# New hEDGEHOG pICS



## K9_girl1994 (Nov 6, 2008)

This is my new hedgehog. I dont really have a name, but I am thinking about the name Chuck. I would of took more pictures but my sisters camera ran out of bateries. It also might be a tad fuzzy too.

http://viewmorepics.myspace.com/ind...ndID=410351559&albumID=972762&imageID=8542649

http://viewmorepics.myspace.com/ind...ndID=410351559&albumID=972762&imageID=8542646


----------



## sebian (Aug 29, 2008)

Your profile is set to private...


----------



## K9_girl1994 (Nov 6, 2008)

sorry, did this work


----------



## sebian (Aug 29, 2008)

Yep! He's very cute


----------



## K9_girl1994 (Nov 6, 2008)

thanks, he has really started to come around, except for the fact that he bit me, even though I think he thought my finger was food, cause he licked first.


----------



## Melissa (Sep 19, 2008)

Most(not all) hedgies will lick before they bite.. Doesnt necessarily mean they think its food though. 

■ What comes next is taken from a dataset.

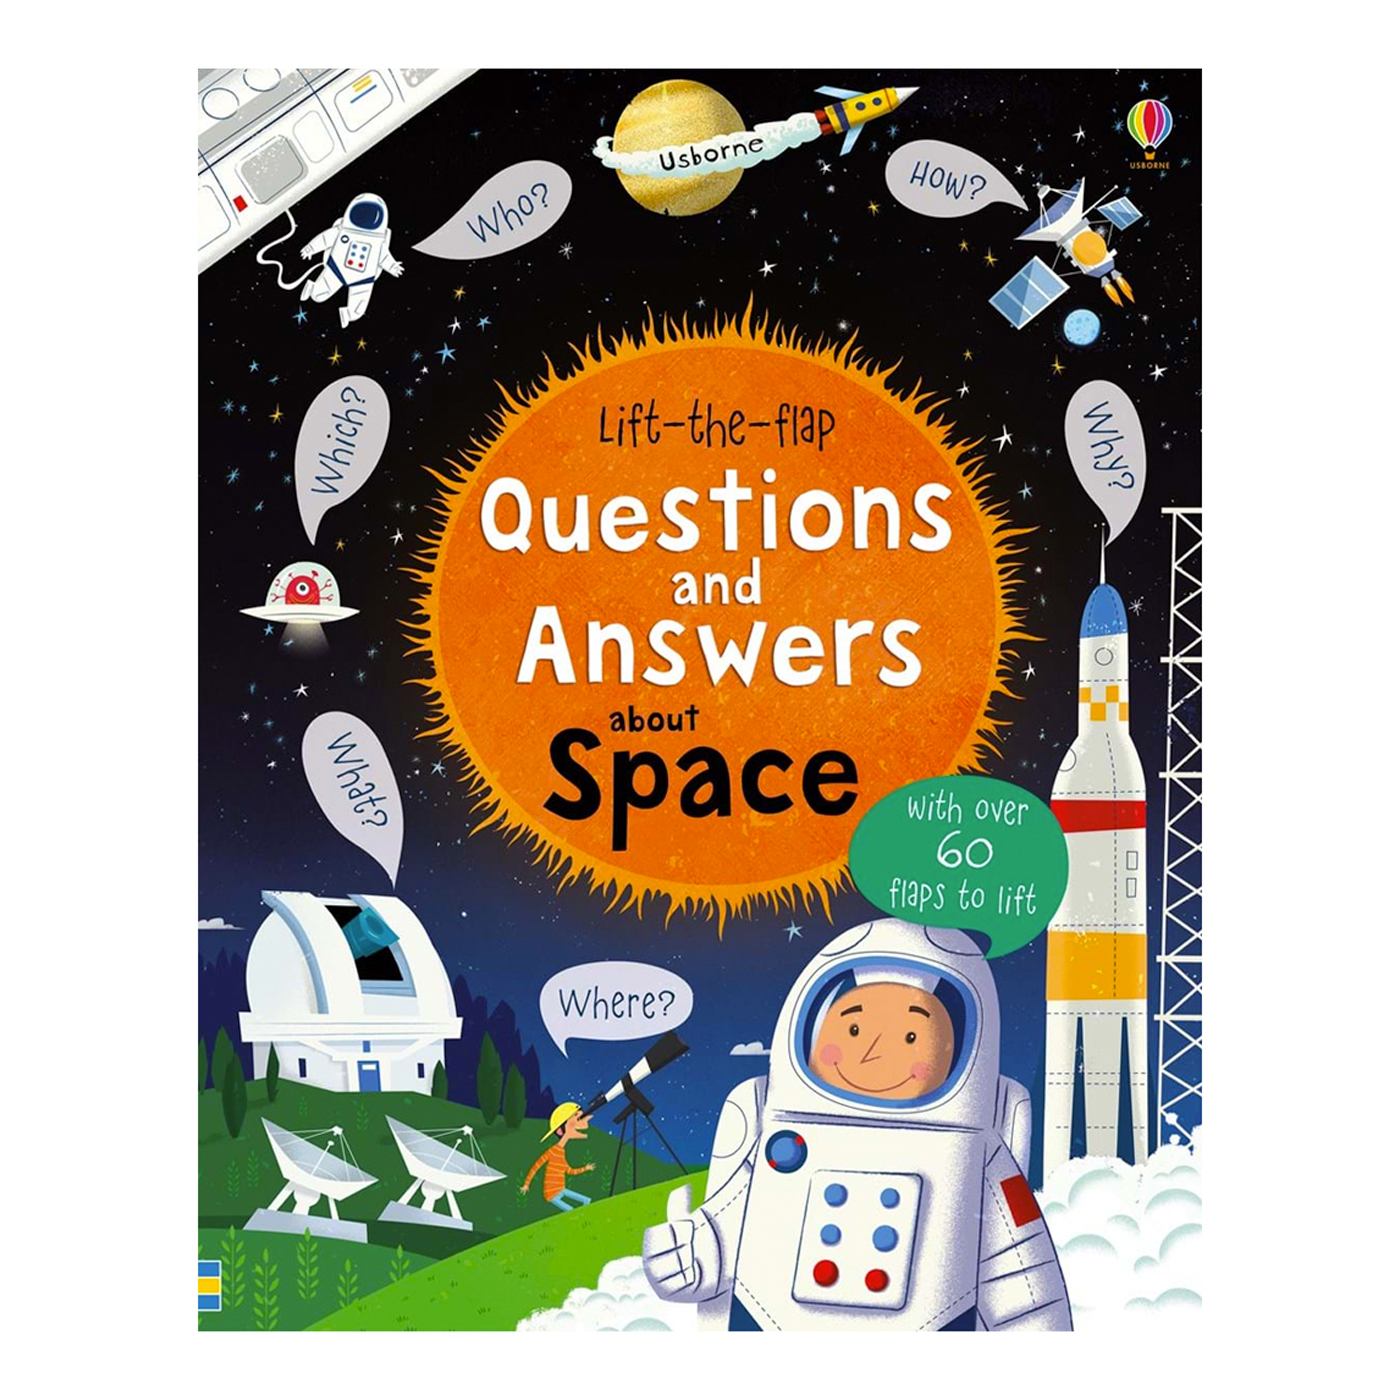  Questions and Answers: The Space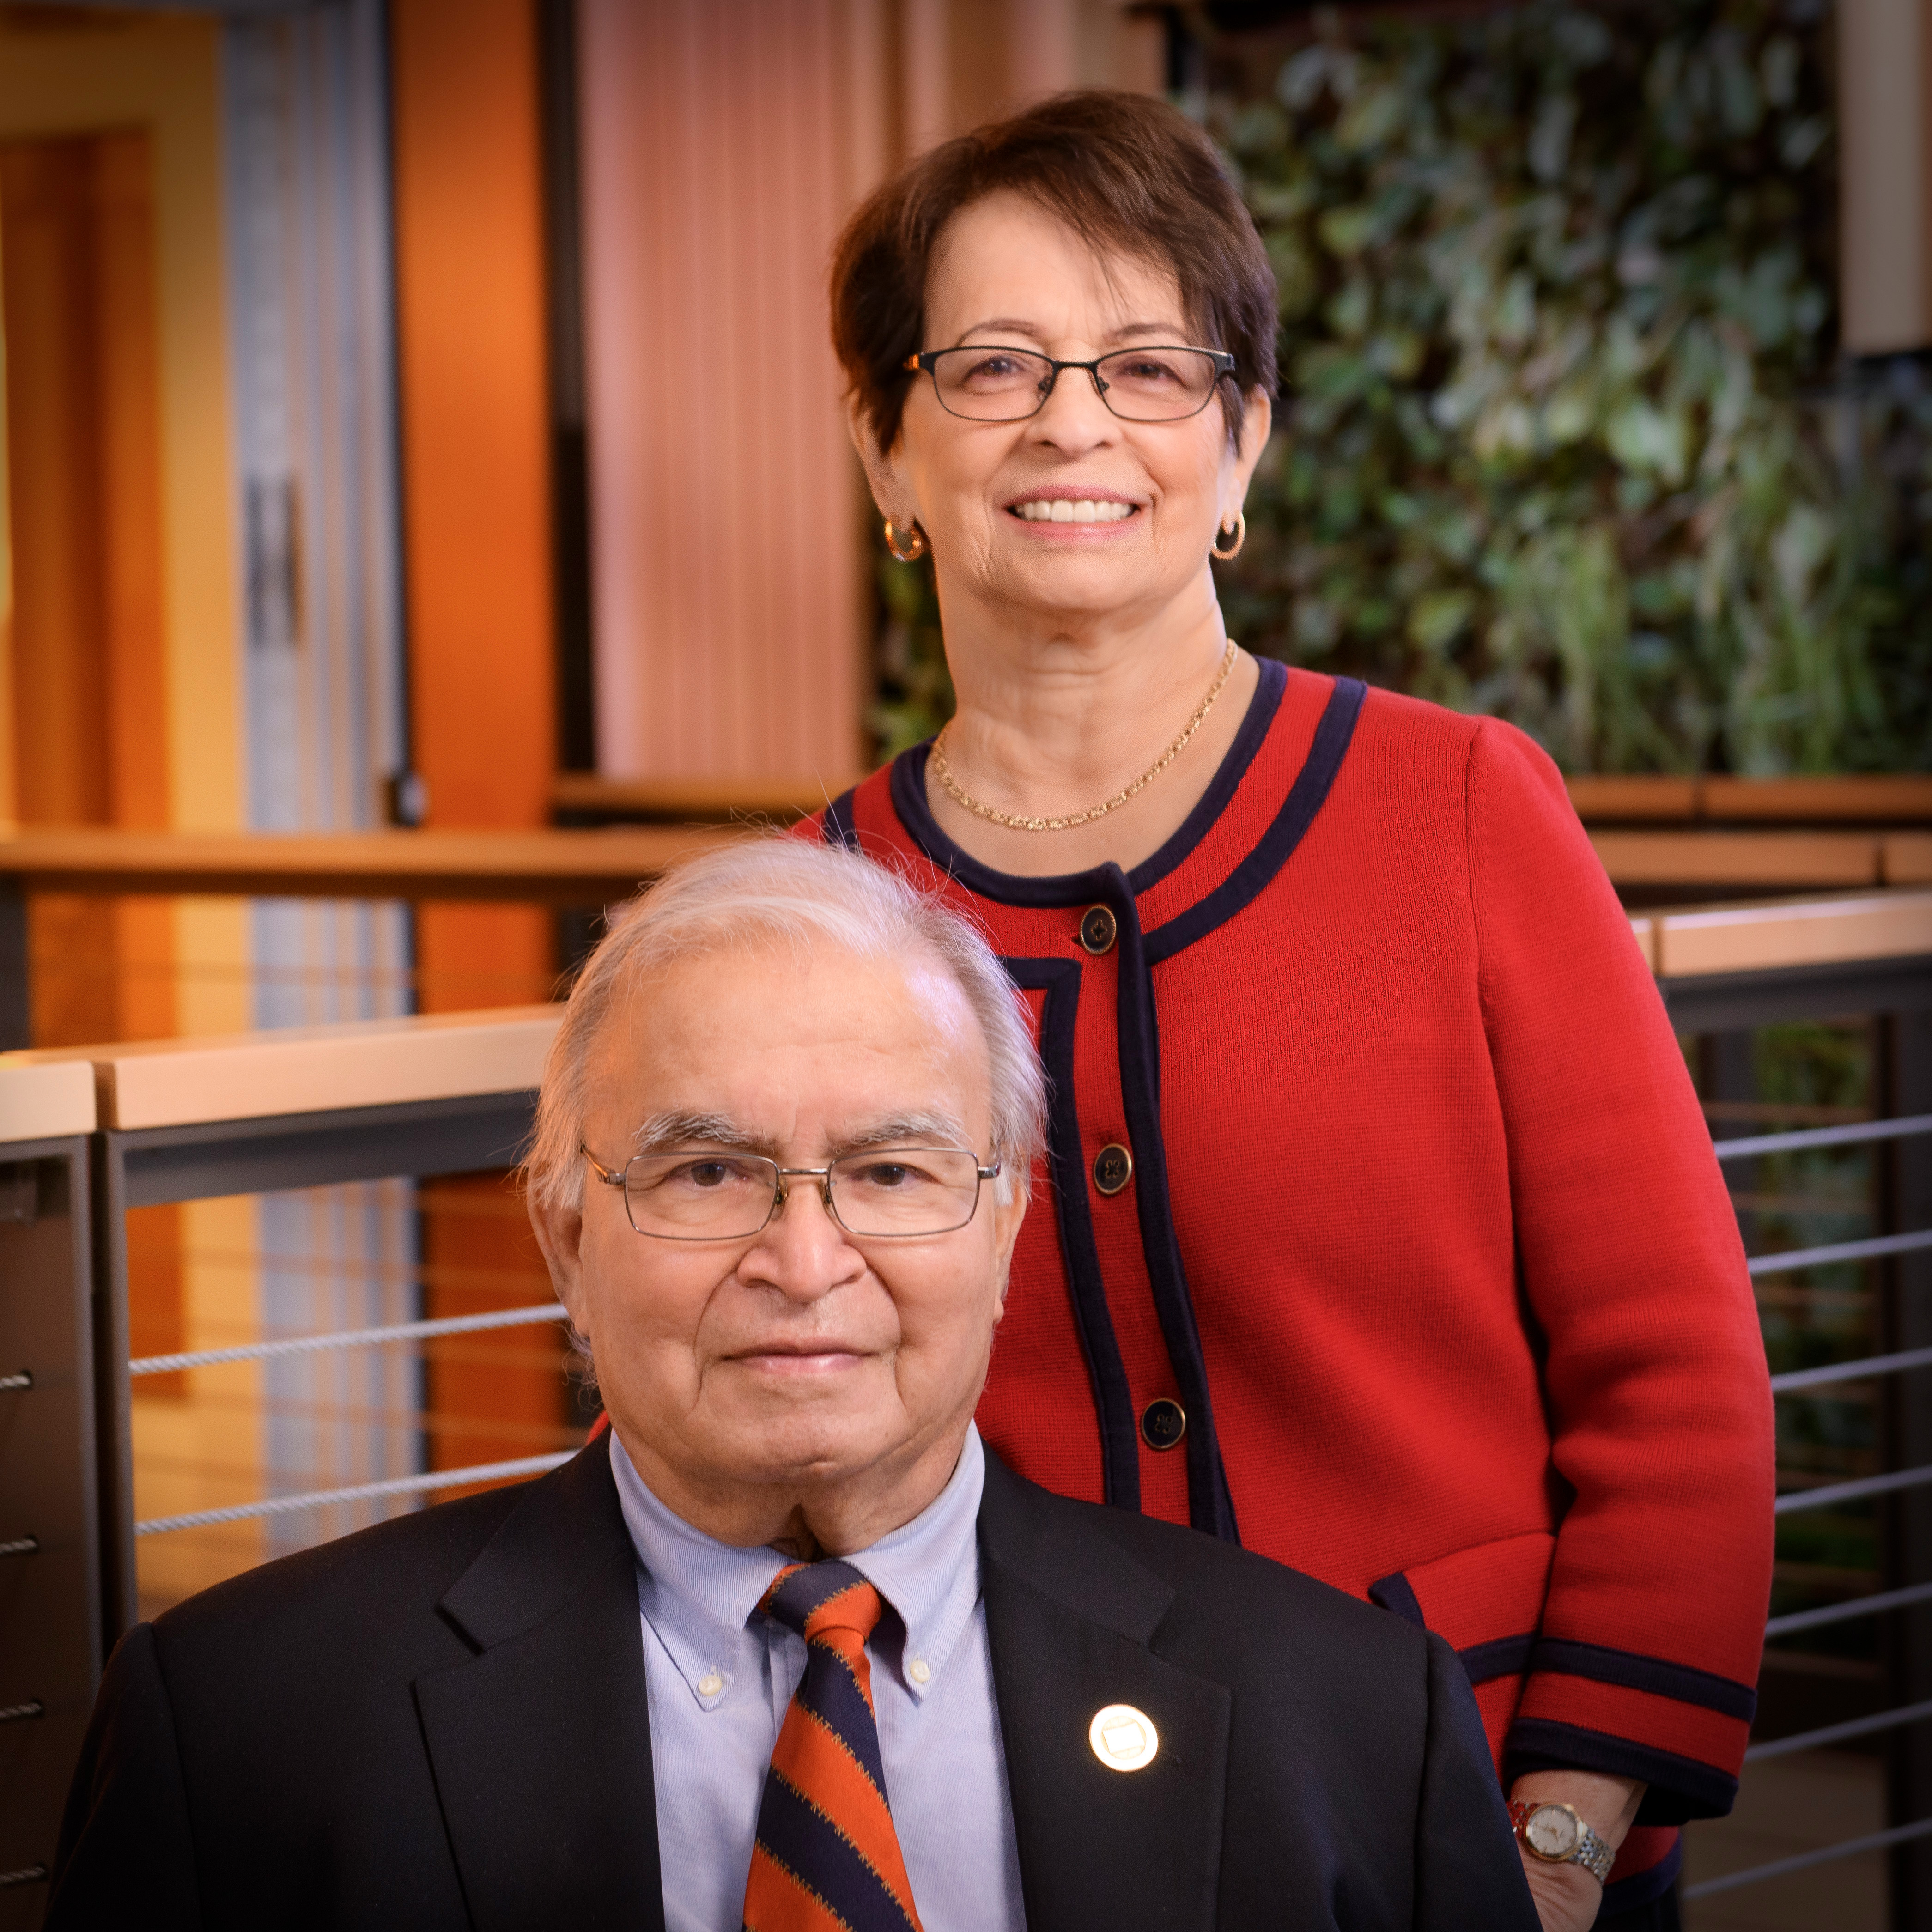 Bal and Anita Dixit honored as Outstanding Alumni

Did you have some kind of lotion or scent on your hands?


----------



## K9_girl1994 (Nov 6, 2008)

i had aten Cheez-Its and had fillen his dish with his food, so I did have a scent on my hand. All I did was put my hand by him and he came up to it. Maybe he didn't lick, but I think he did. I just felt something wet and then felt a bite. I tryed pulling away a little, but figured I shouldn't , so then I just stayed there and he released. So I have no clue, but am not at all worried in the least bit.


----------



## iamdbf (Aug 28, 2008)

Adorable hedgie!


----------